The firm was criticized by those in the legal community on both sides of the same-sex marriage issue for the decision; Attorney General of the United States Eric Holder compared the situation to the criticism of lawyers tasked with defending Guantanamo Bay detainees, saying, "It was something we dealt with here in the Department of Justice...The people who criticized our people here at the Justice Department were wrong then as are people who criticized Paul Clement for the representation that he’s going to continue." Former Attorney General Michael Mukasey said, "Although lawyers are not obligated in the first instance to take all comers, they are very much obligated not to quit in the face of criticism once they do take on a client. This is a bad message to send to lawyers and to clients." The decision shocked those lawyers involved in Supreme Court cases. Speaker of the House John Boehner issued a statement condemning the firm's "careless disregard for its responsibilities to the House in this constitutional matter." Theodore Olson, Clement's predecessor as Solicitor General and a same-sex marriage supporter, said, "I don't know of anything comparable to this. You have to be willing to stand your ground."

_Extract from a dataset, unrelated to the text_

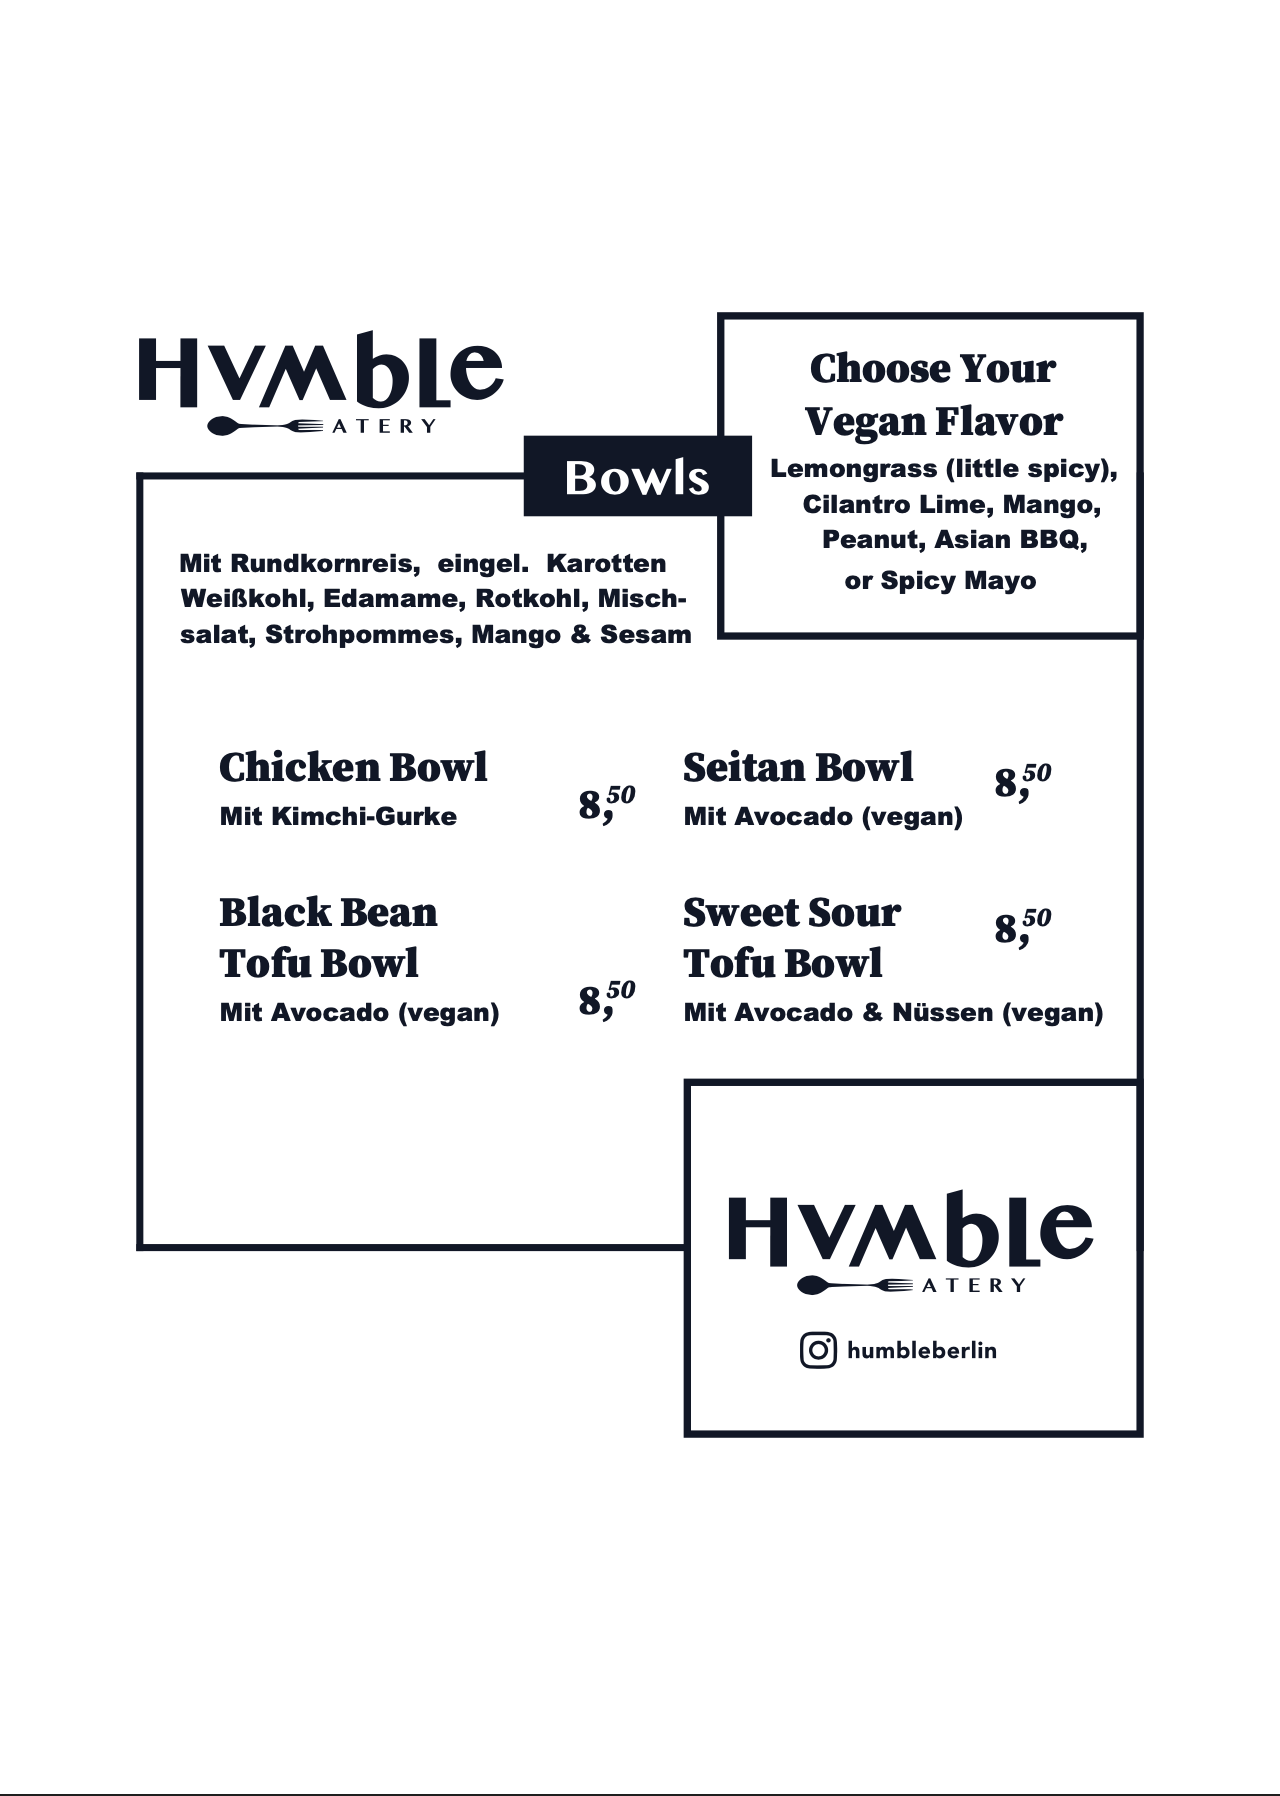 Humble Berlin Speisekarte 1 — chicken Bowl, Vegan Seitan Bowl, Vegan Sweet Sour Tofu Bowl, Vegan Black Bean Tofu Bowl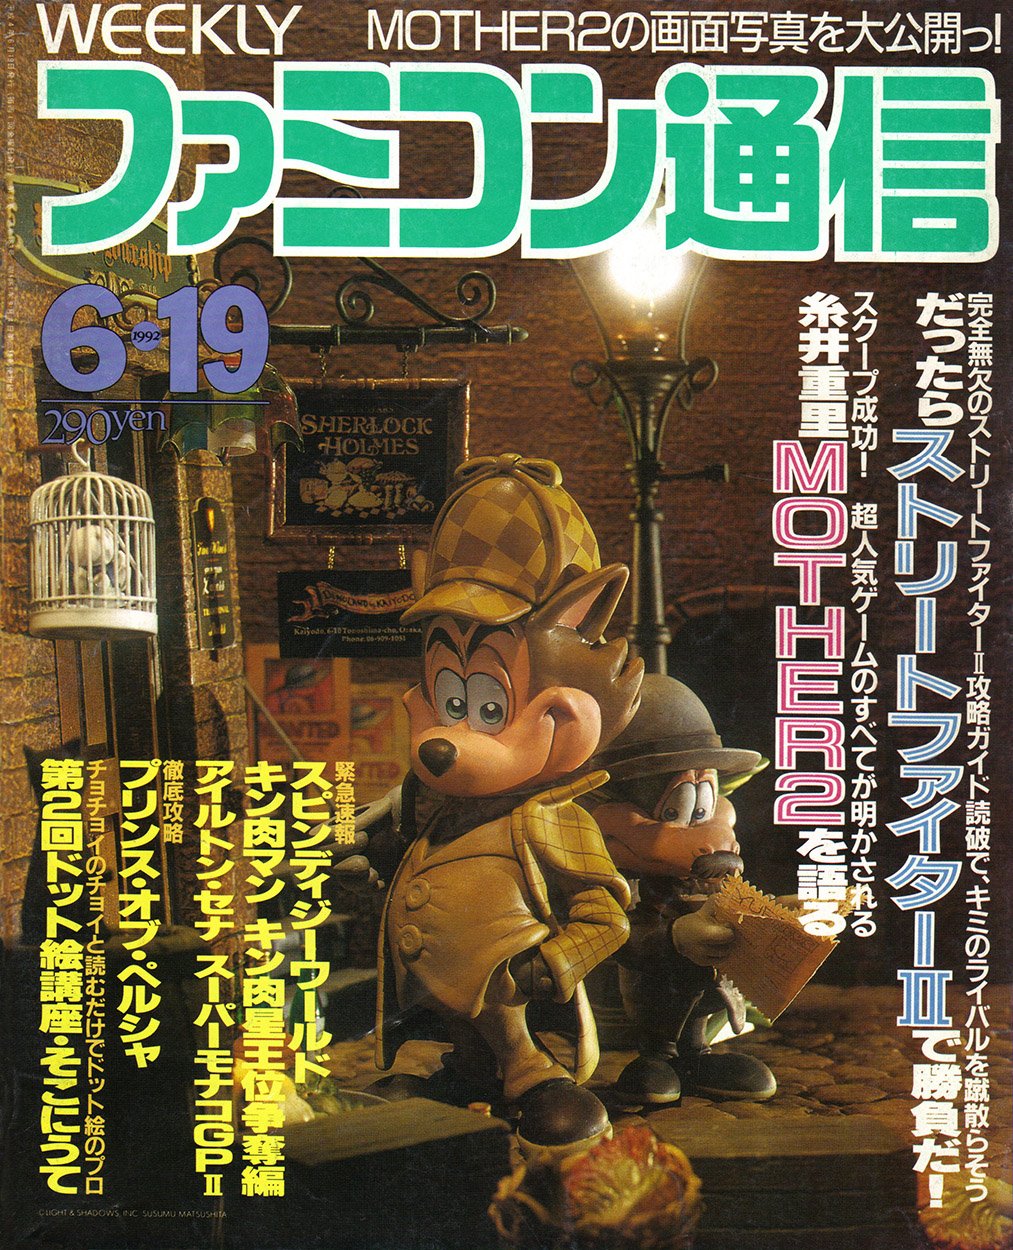 Famitsu Video Game Magazines Page 8 Retromags Community

Talking Points Memo reported that Coca-Cola "directly intervened to press the firm to extricate itself from the case."
After King & Spalding dropped the case, Attorney General of Virginia Ken Cuccinelli terminated his office's relationship with the firm, writing in a letter to the firm that their "willingness to drop a client, the U.S. House of Representatives, in connection with the lawsuit challenging the Defense of Marriage Act was such an obsequious act of weakness that I feel compelled to end your legal association with Virginia so that there is no chance that one of my legal clients will be put in the embarrassing and difficult situation like the client you walked away from, the House of Representatives." The National Rifle Association soon did the same.